Libby is Medical Director for Marie Curie Scotland and Consultant in Palliative in NHSGG&C. She trained in Palliative Medicine in the West of Scotland before completing a fellowship in Geelong, Australia where she remained for her first Consultant post. She returned to Glasgow in 2010 to the Marie Curie Hospice where she currently works with sessional input with the Hospital Palliative Care Team, Glasgow Royal Infirmary. She is medical lead for the Specialist Lymphoedema Clinic NHSGG&C. Her professional interests include palliative care in lung cancer, lymphoedema, antimicrobial stewardship and health inequalities at the end of life. She was a steering group member for the University of Glasgow and Marie Curie Dying in the Margins Study involved in recruitment of participants. She is passionate about sharing the study findings on behalf of those who generously shared their stories in the hope that it would help others.

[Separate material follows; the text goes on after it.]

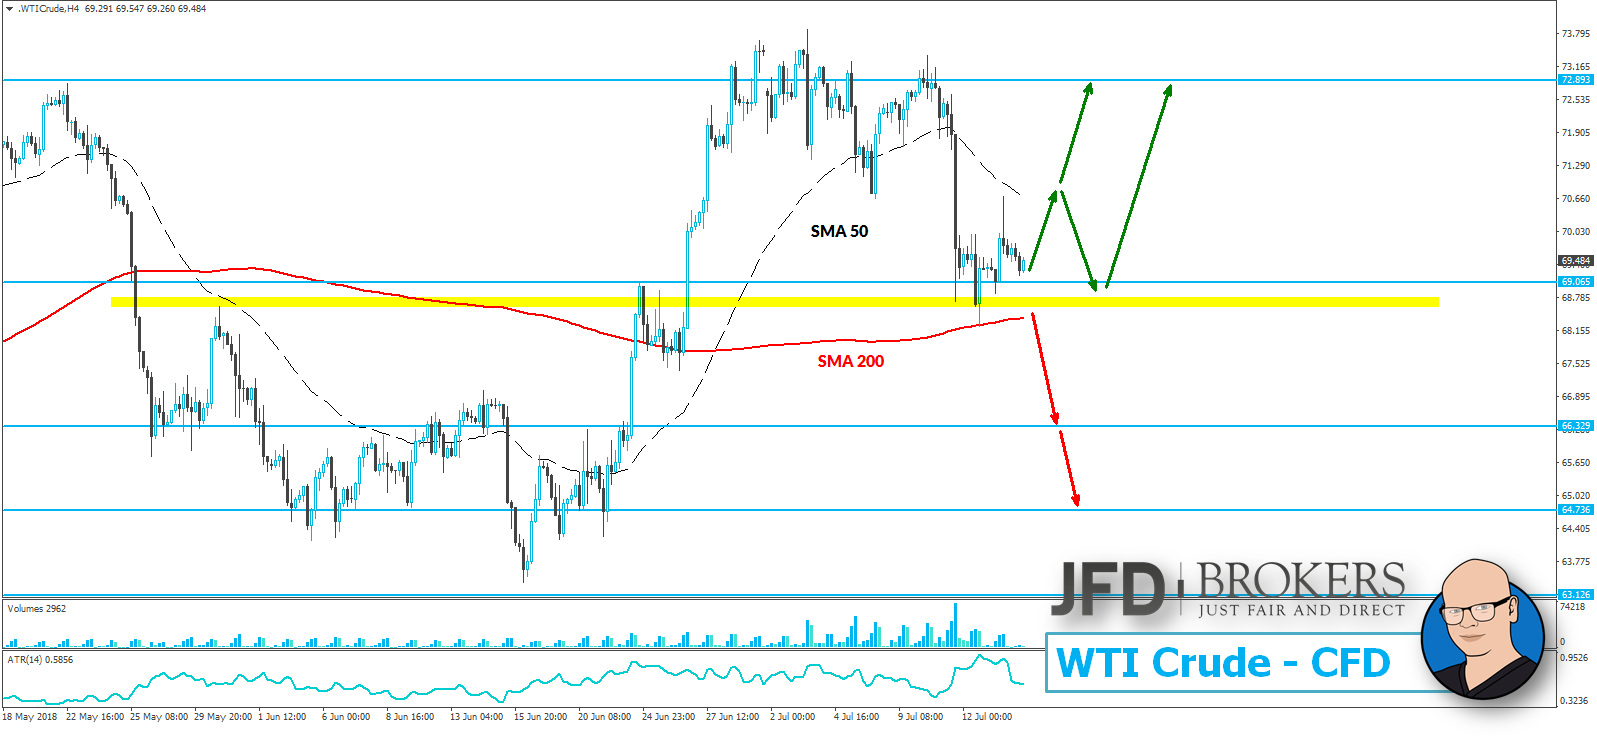 JFD-Wochenausblick-EUR-USD-GBP-USD-DAX-und-WTI-16-07-2018-20-07-2018-Kommentar-JFD-Brokers-GodmodeTrader.de-4

Check out Libby’s presentation here
Ashley (she/her) is a PhD candidate focused on caregiving at the end-of-life in contexts of homelessness and poverty. For the last decade, Ashley has coordinated research projects at the University of Victoria, Canada (P.I. Dr. Kelli Stajduhar) to make visible the experiences of people facing serious health issues alongside health and social inequities, develop and evaluate equity-oriented palliative care programs and services, and produce educational resources to improve access to care at the end of life. Ashley has held various roles in relation to homeless communities such as volunteer, researcher, front line worker, community organizer, and caregiver.
Check out Ashley’s presentation here
Sam joined the End-of-Life Studies group in July 2021. He works as Research Associate on the Dying in the Margins project. This participatory visual-methods project aims to investigate the experiences of people living with a life-limiting condition while experiencing financial hardship. There are two main phases to the study: Photovoice with people with a life-limiting diagnosis who are experiencing financial hardship and
Digital stories with bereaved carers and relatives of people who had a life-limiting diagnosis and were experiencing financial challenges.
Before joining the University of Glasgow, Sam completed his Doctoral research on the end-of-life experiences of people with Down syndrome and Dementia in December 2019. This ethnographic work explored the experiences of people living and working in a group home for people with learning disabilities and dementia. Sam has worked on a range of qualitative research projects encompassing quality improvement in the third sector, frontline health staff experiences of working during COVID-19, and a project to facilitate discussions about risk with forensic inpatients with a learning disability.